You can easily import data set from Pandas DataFrame or other data objects into several files or databases.

Data Explorer:

Explore your data set quickly and efficiently using the DataExplorer:

-- Data Typing:

    Check whether represented data types of Pandas is equal to the real data types occuring in the data

-- Data Health Check:

    Check the health of the data set in order to detecting, describing and visualizing ...
        ... the ammount of missing or invalid data vs. valid observations
        ... the amount of duplicated data
        ... the amount of invariant data

-- Data Distribution:

    Describing and visualizing statistical distribution of ...
        ... categorical features
        ... continuous features
        ... date features

-- Outlier Detection:

    Analyze outliers or anomalies of continuous features using univariate and multivariate methods:
        a) Univariate: Examines outlier values for each features separately using Inter-Quantile-Range (IQR)
        b) Multivarite: Examines outliers for each possible feature pair combined using a bunch of different machine learning algorithms. For further information just look at the PyOD packages documentation, because it is used under the hood.

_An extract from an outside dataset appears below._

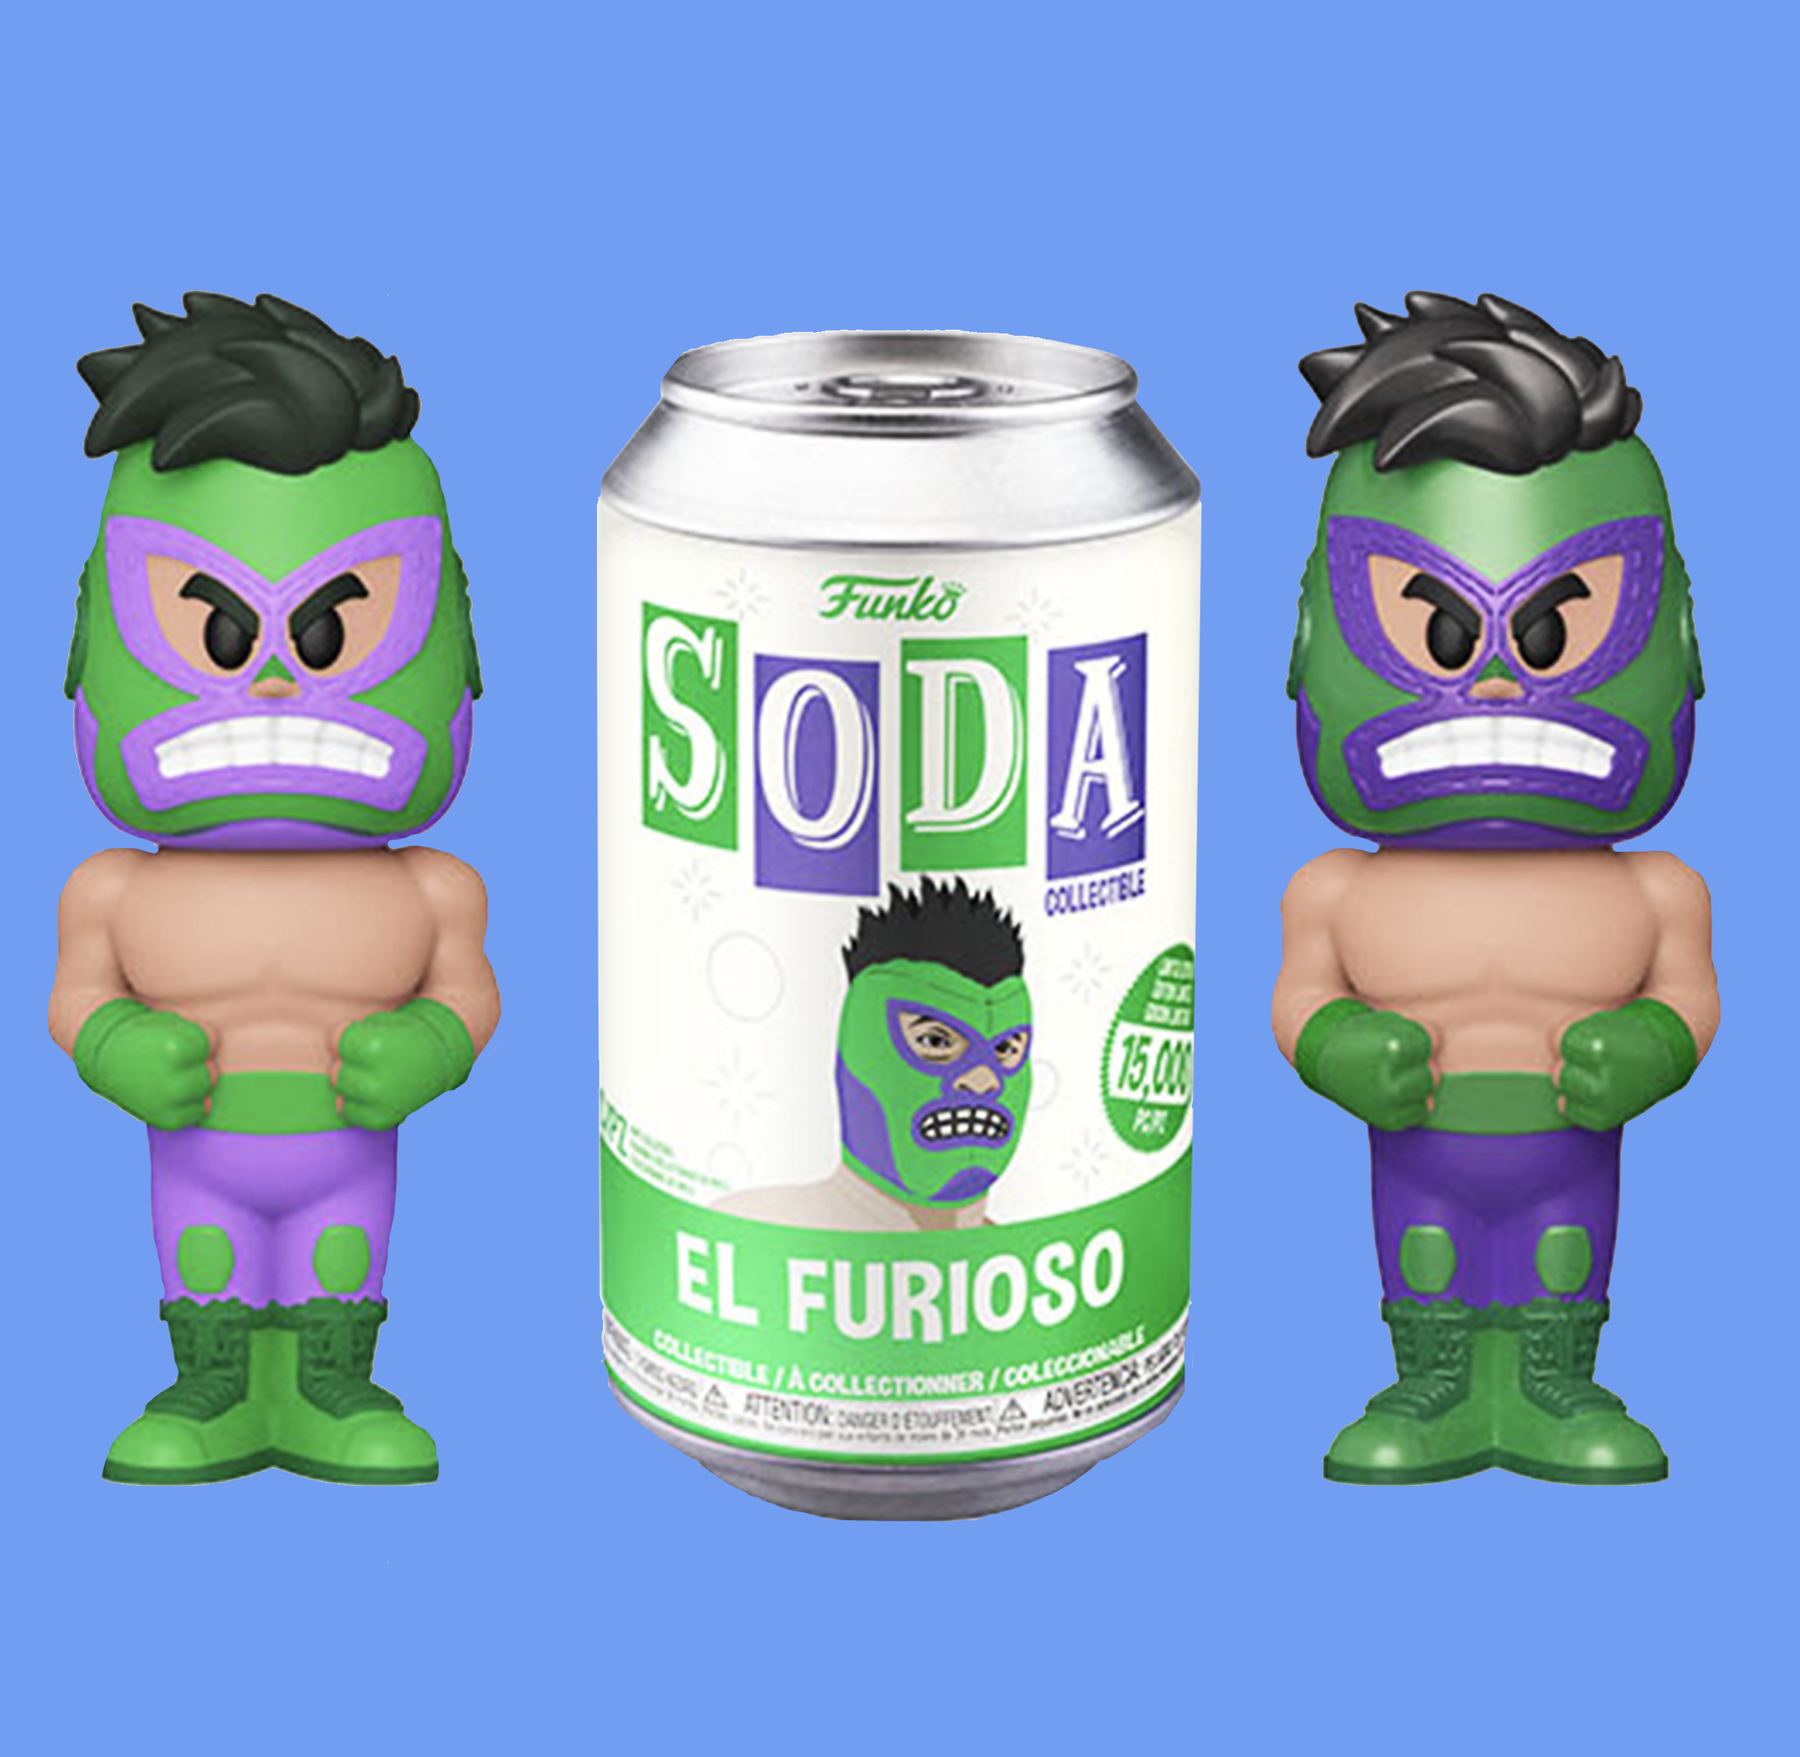 Funko Soda - El Furioso W/ Chase

-- Categorical Breakdown Statistics:

    Descriptive statistics of continuous features grouped by values of each categorical feature in the data set:


-- Correlation:

    Correlation analysis of continuous features. For analyzing multi-collinearity there is a partial correlation method implemented. The differences between marginal and partial correlations are inspected by visualizing the differences of the coefficients in a heat map as well.

-- Geo Statistics:

    Descriptive statistics of continuous features grouped by values of each geo features in the data set. Additionally, there is a geo map (OpenStreetMap) generated to visualize statistical distribution.

-- Text Analyzer:

    Analyze potential text features and generate various numerical features from those

Data Visualizer:

Let's make data visualization great again! Visualize your data set very easily using Plot.ly an interactive visualization library under the hood. The DataVisualizer is an efficient wrapper to abstract the most important elements for data exploration:

-- Table Chart:
    Visualize matrix (Pandas DataFrame) as an interactive table

-- Heat Map:
    Visualize value range of continuous features as heat map

-- Geo Map:
    Visualize statistics of categorical and continuous features as interactive OpenStreetMap

-- Contour Chart:
    Visualize value ranges of at least two continuous features as contours

-- Pie Chart:
    Visualize occurances of values of categorical features as an interactive pie chart

-- Bar Chart:
    Visualize occurances of values of categorical features as an interactive bar chart

-- Histogram:
    Visualize distribution of continuous features as an interactive histogram

-- Box-Whisker-Plot:
    Visualize descriptive statistics of continuous features as an interactive box-whisker-plot

-- Violin Chart:
    Visualize descriptive statistics of continuous features as an interactive violin chart

-- Parallel Category Chart:
    Visualize relationships interactively between categorical features especially, but it can also be used for mixed relations between values of categorical and continuous features by using brushing as well.

-- Parallel Coordinate Chart:
    Visualize relationships interactively between ranges of continuous features especially, but it can also be used for mixed relations between values of categorical and ranges of continuous features as well.

-- Scatter Chart:
    Visualize values of continuous features interactively.

-- Scatter3D Chart:
    Visualize values of three continuous features in one chart interactively.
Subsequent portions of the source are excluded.